Secretion performance of two variants obtained from the NprE^SP-cutinase-GFP11 mutant library. Random mutagenesis of pPBEx2-NprE-cutinase-GFP11 and subsequent FACS analysis and screening of biosensor cells expressing the mutant library was performed as described for the Pel^SP-cutinase-GFP11 mutant libraries. Plasmids were isolated from promising clones and then re-introduced in the C. glutamicum K9 biosensor strain. The recombinant strains were grown in CGXII medium containing 1% (v/v) glucose in a BioLector for 24 h at 30°C, 1,200 rpm and 85% relative humidity along with the control strains harboring pPBEx2 (EV) or pPBEx2-NprE-cutinase-GFP11 (NprE^SP).
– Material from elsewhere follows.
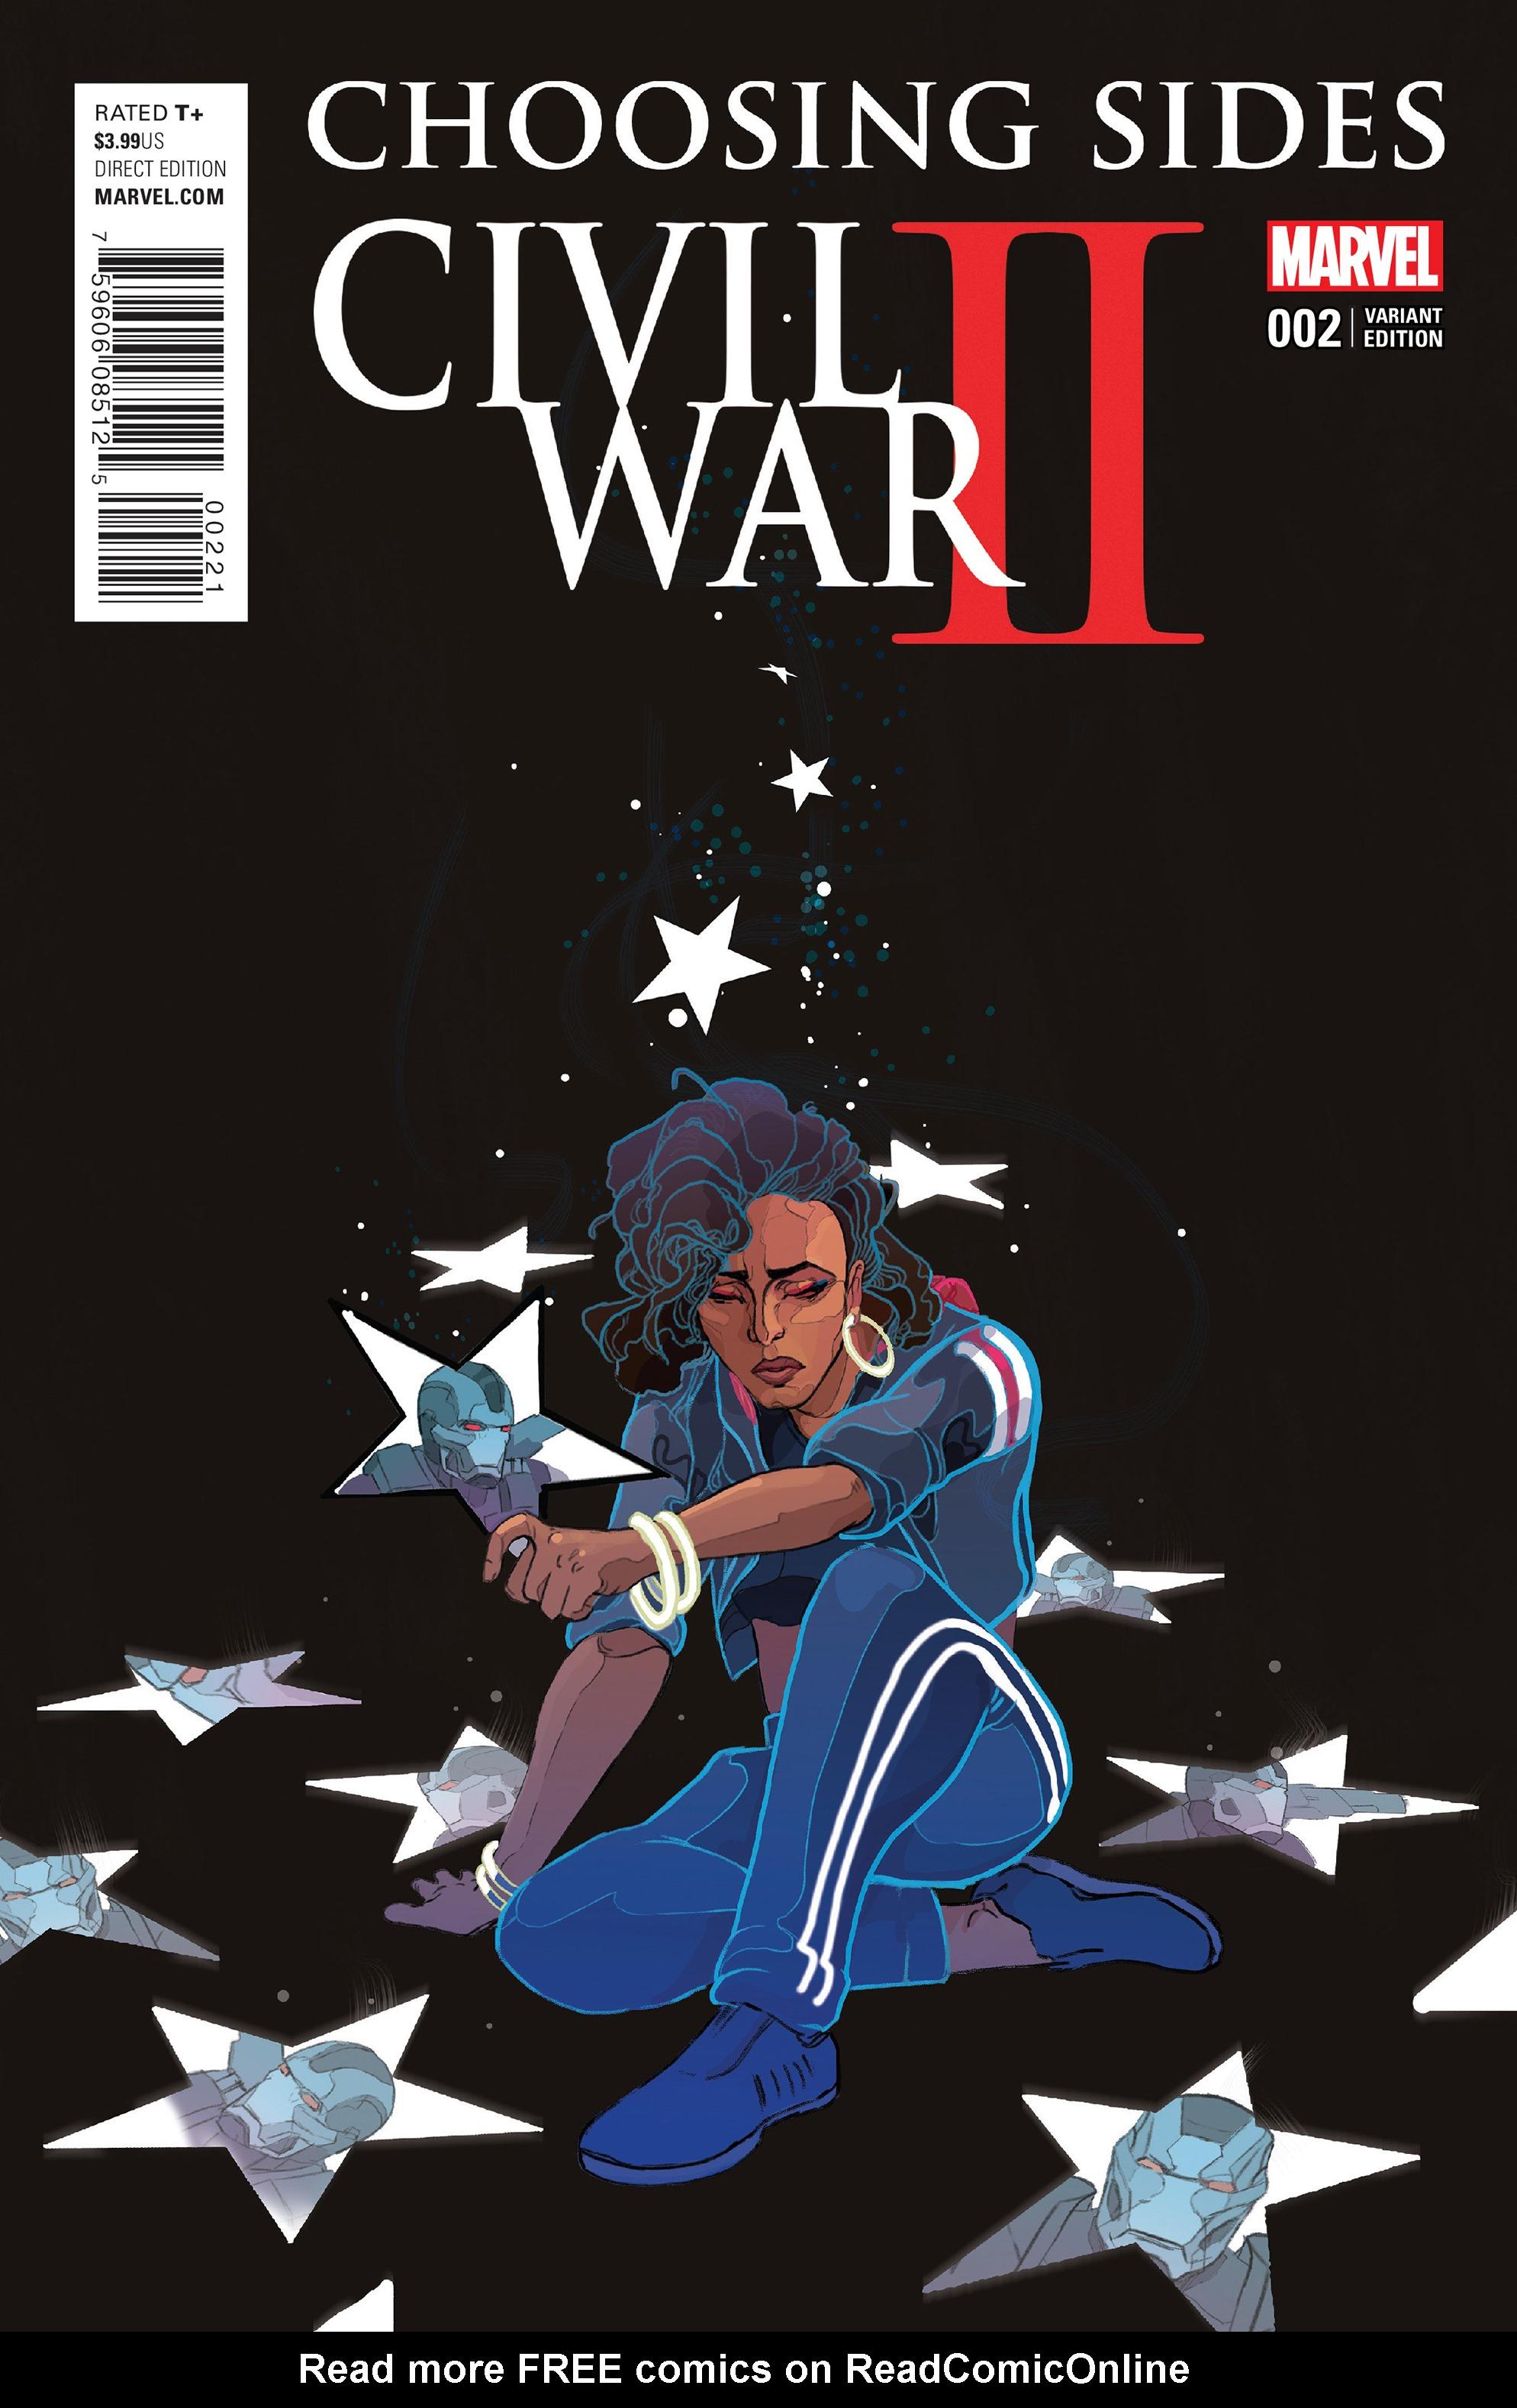 Read online Civil War II: Choosing Sides comic -  Issue #2 - 3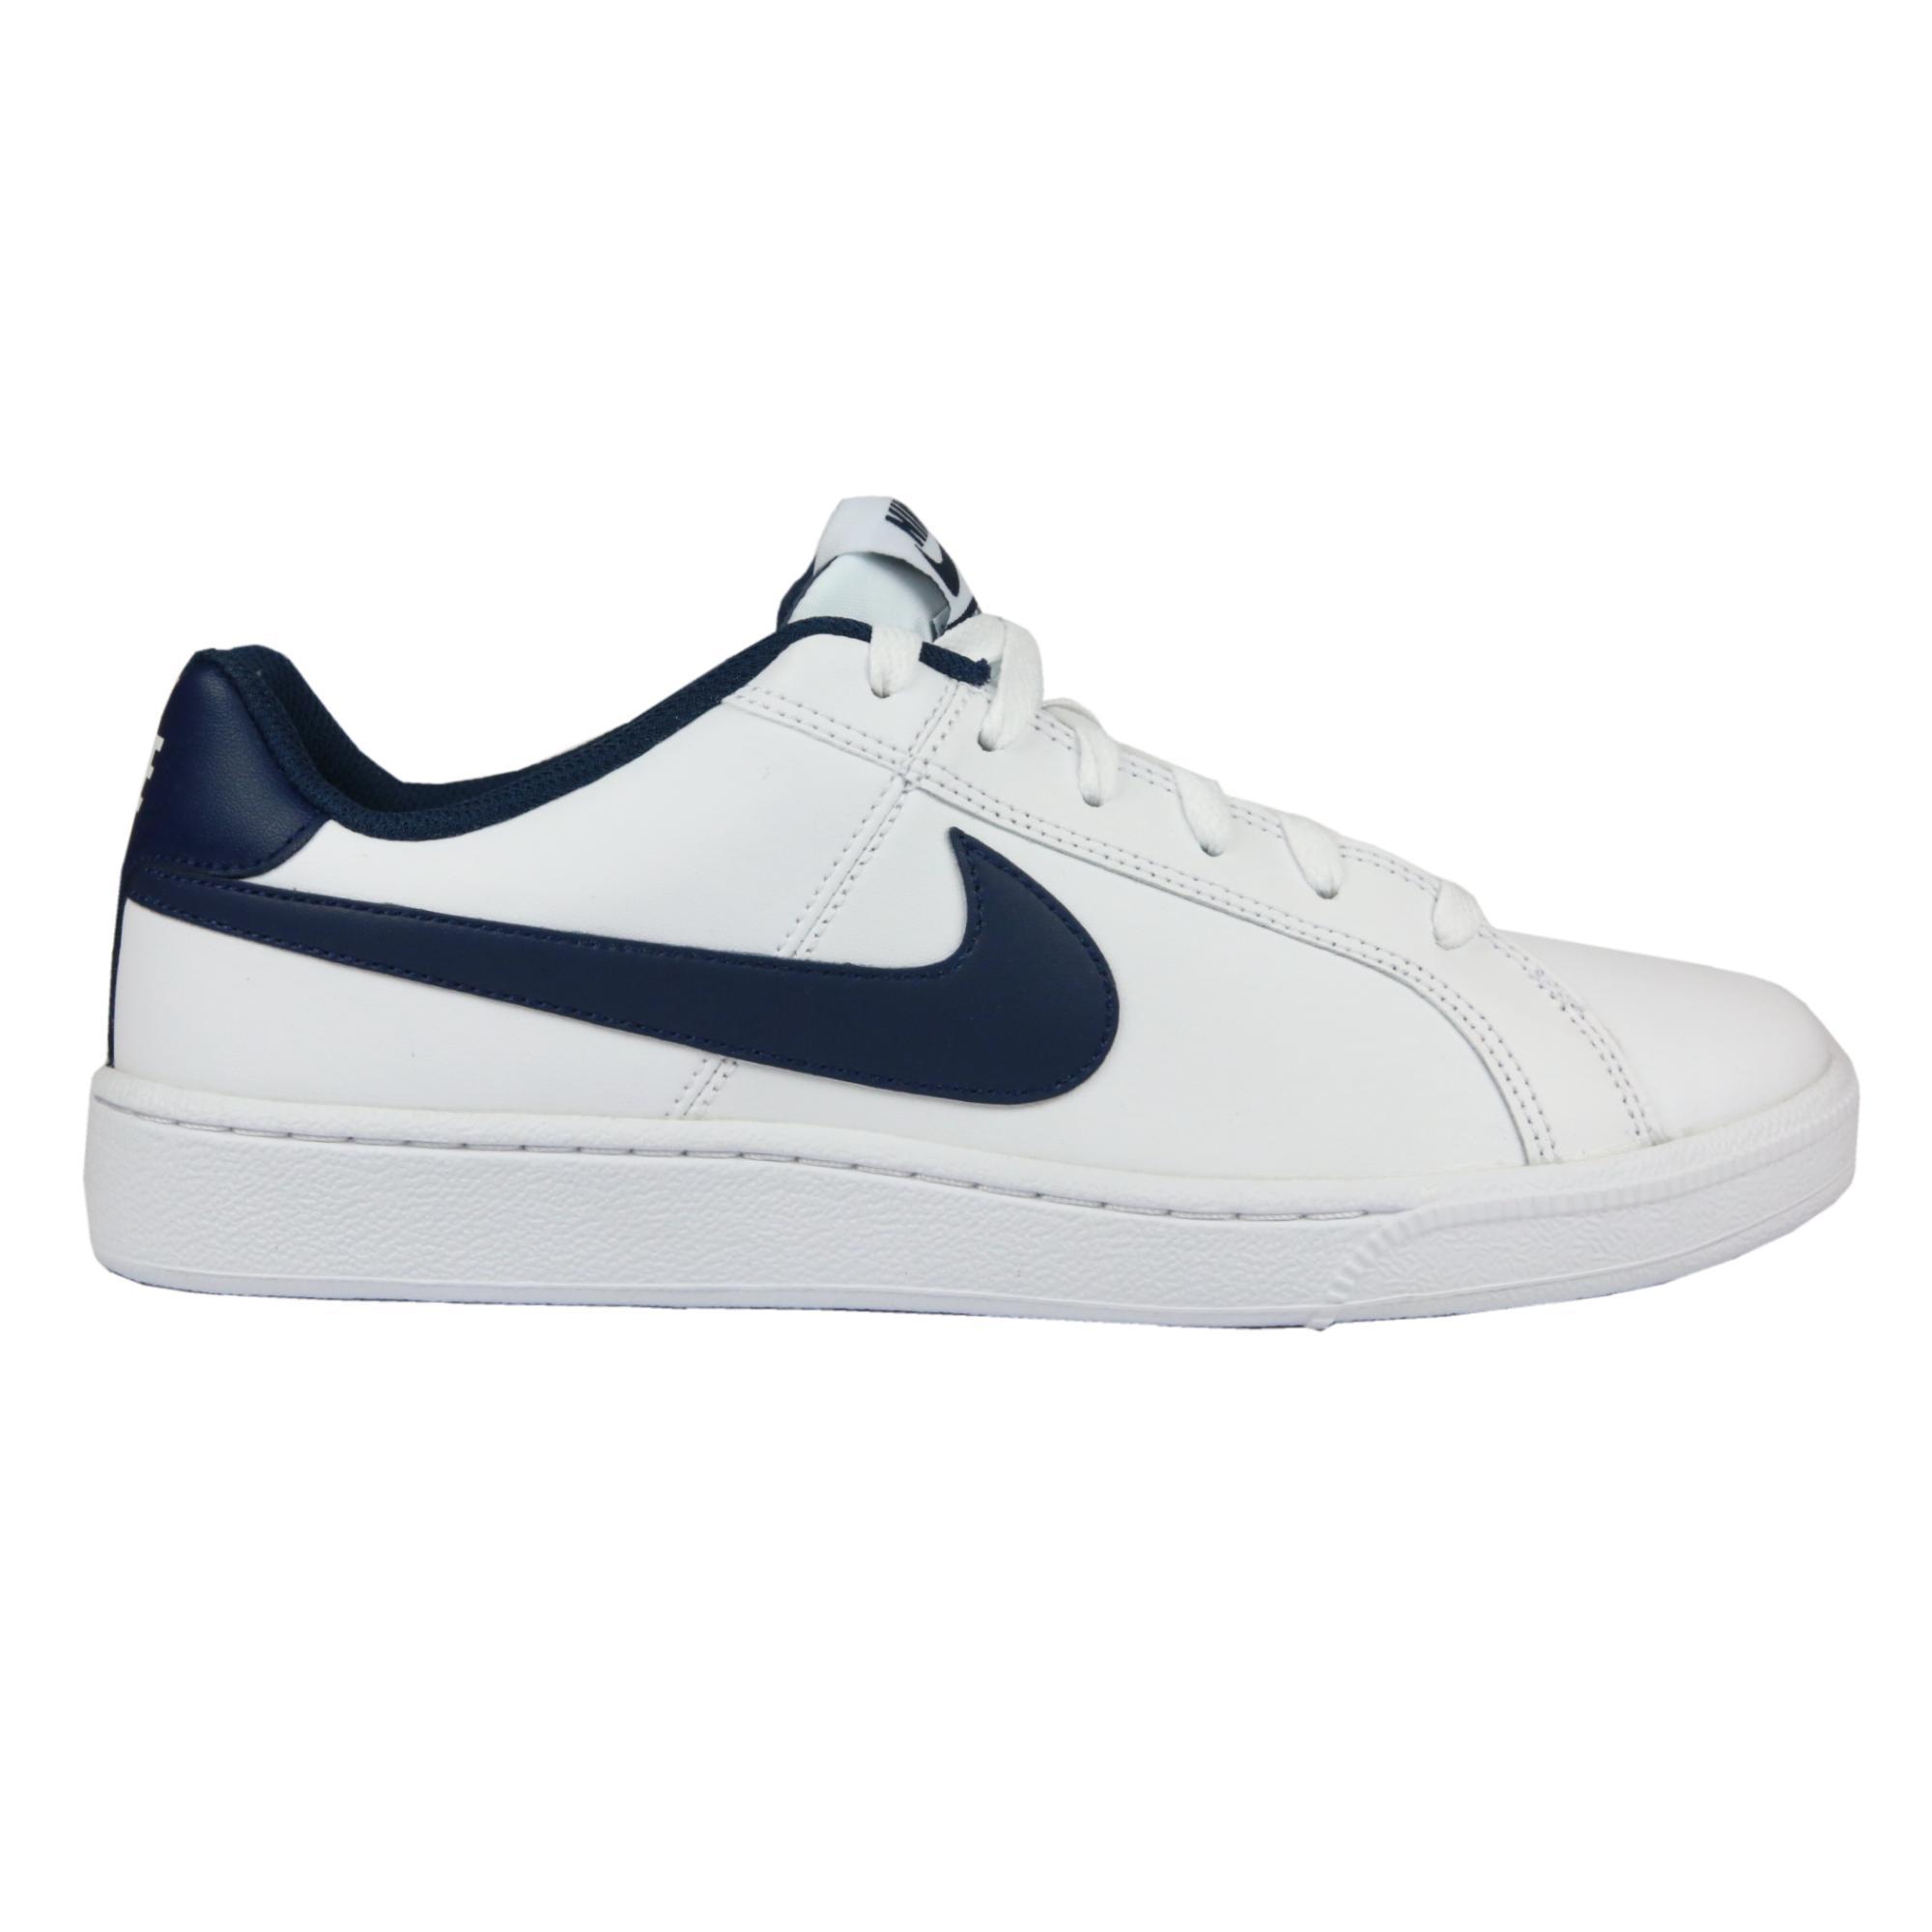 Nike Court Royal Herren Sneaker Schuhe Turnschuhe Dunkelblau

Four hours after inoculation, IPTG was added to the cultures to a final concentration of 250 μM. (A) At the end of the cultivation (24 h) the amount and activity of the extracellular cutinase-GFP11 was determined by split GFP fluorescence (green bars) and cutinase activity measurements (orange bars), respectively. (B) The specific fluorescence of the corresponding biosensor cells at the end of the cultivation (24 h) is indicated.